Due to the local lesion heterogeneity in patients with oligometastics disease survival rates using common therapy strategies is low. However, employing personalized approaches including minimal invasive image-guide interventions incorporating knowledge on the tumour heterogeneity significantly improves survival1,2, commonly performed using computer tomography (CT) imaging while deriving tumour heterogeneity using MRI.
Therefore, registered images of CT and MRI is warranted. Architectures of several neural networks for medical image registration have been proposed recently. However, as different datasets were used to train and evaluate the networks, a fair comparison is not possible. The objective of this work is to analyse and assess the performance of several neural networks for multimodal affine image registration and to evaluate the generalisability of these networks to new datasets. Therefore, 20 different neural networks were implemented and compared using a synthetic multimodal dataset of three-dimensional CT and MR images of the liver.

Methods

We used a synthetic dataset of 112 three-dimensional CT and MR T1-weighted liver volumes. These were created using a CycleGAN3 on images of the XCAT phantom4.
Each CT volume is reconstructed to a 512x512 matrix with 82-124 slices and a resolution of 1x1x2mm3. MR volumes were created with a matrix of 330x450 and 54-83 slices to match a resolution of 1x1x3mm3. This dataset contains anatomical segmentation masks for the liver.
The CT and MR images are available in two breathing states: inhaled and exhaled. The MR images are registered affinely to the CT images, inhaled state to exhaled state, and vice versa.
Networks Architectures
We implemented 20 neural networks for affine registration of medical images found on IEEE Xplore, PubMed, Web of Science and ScienceDirect with the keywords affine, registration, deep learning, artificial neural network, medical images.

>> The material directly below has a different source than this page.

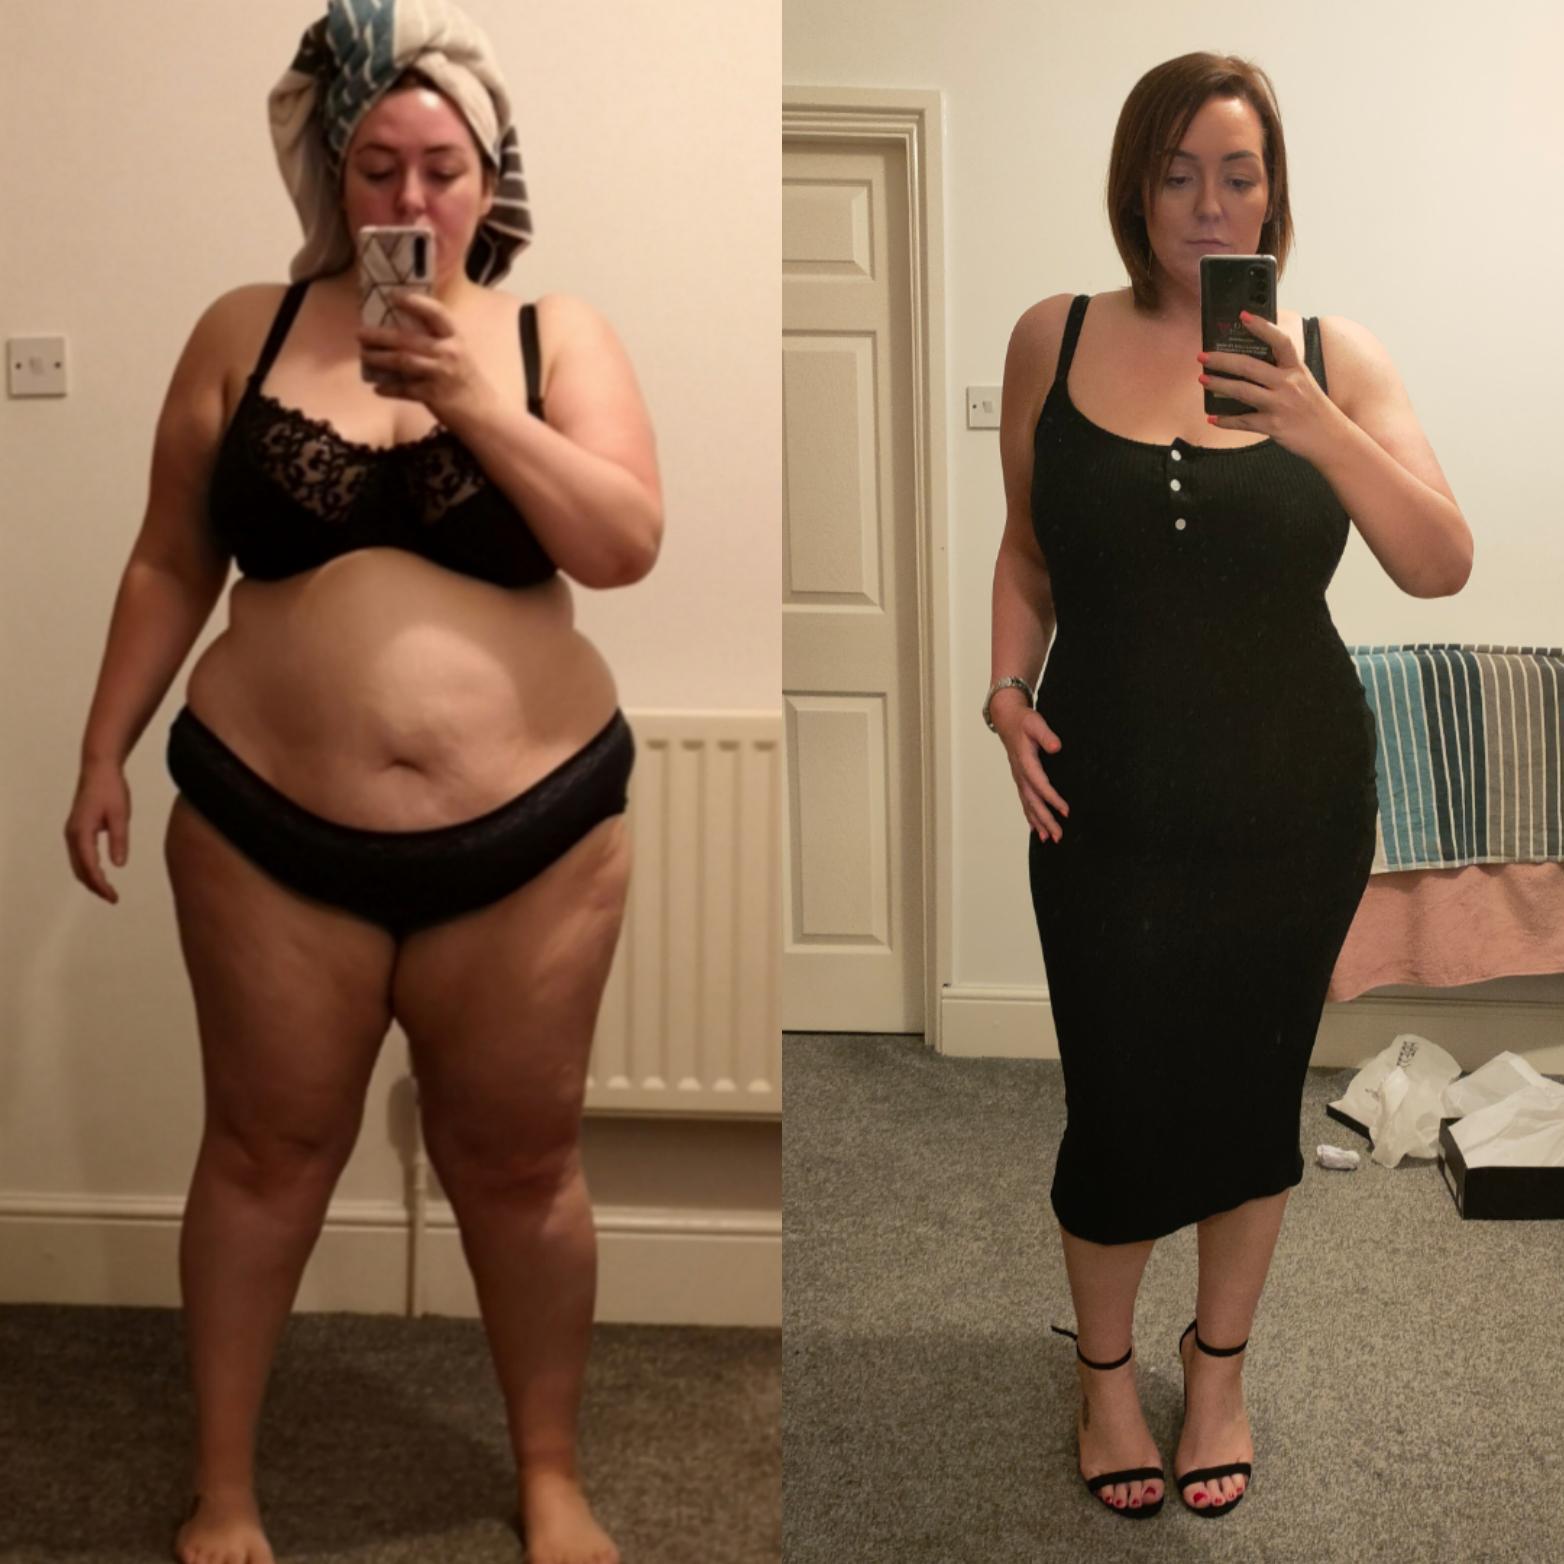 Progress Pics of 88 lbs Weight Loss 5 feet 4 Female 300 lbs to 212 lbs

The architectures can be broadly grouped into different categories, depicted in figure 1. In some papers, parts of the networks' implementation were unclear, especially parameter settings were not reported making the reproducibility difficult. Assumptions were made for these parameters, and settings commonly used in affine registration network architectures, e.g. a kernel size of 3x3x3, were chosen.
Benchmark Neural Network and Baseline method
As benchmark, we used our own developed Convolutional Neural Network (CNN) (figure 2). As baseline, i.e. as state-of-the-art, we applied the Elastix affine registration algorithm implemented in the SimpleElastix Toolbox using default parameters. Mutual Information is used as objective function.
Training Setting
Training of the networks is performed with semi-supervised learning according to the VoxelMorph framework8. During training, in addition to the fixed and moving images, the segmentations of the fixed and moving images are given as input. We used the Dice loss function on the segmentations.
We performed five-fold cross-validation and trained the networks for 100 epochs with a batch size of one, stopping after five epochs with no improvement in validation loss. Adam optimiser was used with a learning rate of 1e-4.
We resized the network's inputs to 256x256x64 voxels. The images were used in half resolution due to GPU memory limitations. The resulting affine transformation was applied to the full resolution images. During preprocessing, the image intensity was normalised to the range [0,1].
Evaluation Metrics
To quantify structural differences, we applied Normalised Mutual Information (NMI) on the fixed and result (moved) image. We measured the overlap of the segmentations of the moved and fixed image using the Dice coefficient and the Hausdorff distance (HD).

Results

No neural network yielded an NMI higher than the NMI of the unregistered images (pre-registration NMI). Seven out of 20 networks improved the Dice coefficient and five networks were able to reduce the Hausdorff distance. Table 1 summarizes the results. The network of Gu et al. (2019)10 achieved the highest Dice coefficient. Our benchmark network yielded a similar Dice coefficient (figure 3). The neural network proposed by Hasenstab et al. (2019)7 failed to register the data at all. The image intensities of the moved image and its segmentation are set completely to background value.

Discussion

We implemented 20 different machine learning-based image registration methods and evaluated them with respect to an affine multimodal registration of CT and MRI images of the liver. Furthermore, we implemented a framework to test and evaluate these approaches systematically.
Our results show that although each network was trained on the synthetic data only few could generalize, i.e. adapt to the new data and produce good registration results compared to a conventional affine registration algorithm and an inhouse developed deep learning approach.
To allow a fair comparison, we tried to reproduce the algorithms as best as possible, however, in some papers, not all parameters for the neural networks’ implementation were described. This is detrimental to the reproducibility and assumptions were made, that may limit possible better registration results.
So far, we only investigated affine transformations applied to synthetically generated data. Future work will focus on patient data and other transformations, e.g. deformable registration.

Conclusion

Although various machine learning algorithms for affine multimodal image registration are proposed, few can generalize to new data and applications. More work should be invested in developing more general applicable image registration techniques to be able to be used in minimal-invasive image guided interventions to support precision medicine in cancer treatment.

Acknowledgements

This research project is part of the Research Campus M2OLIE and funded by the German Federal Ministry of Education and Research (BMBF) within the Framework "Forschungscampus: public-private partnership for Innovations" under the funding code 13GW0388A.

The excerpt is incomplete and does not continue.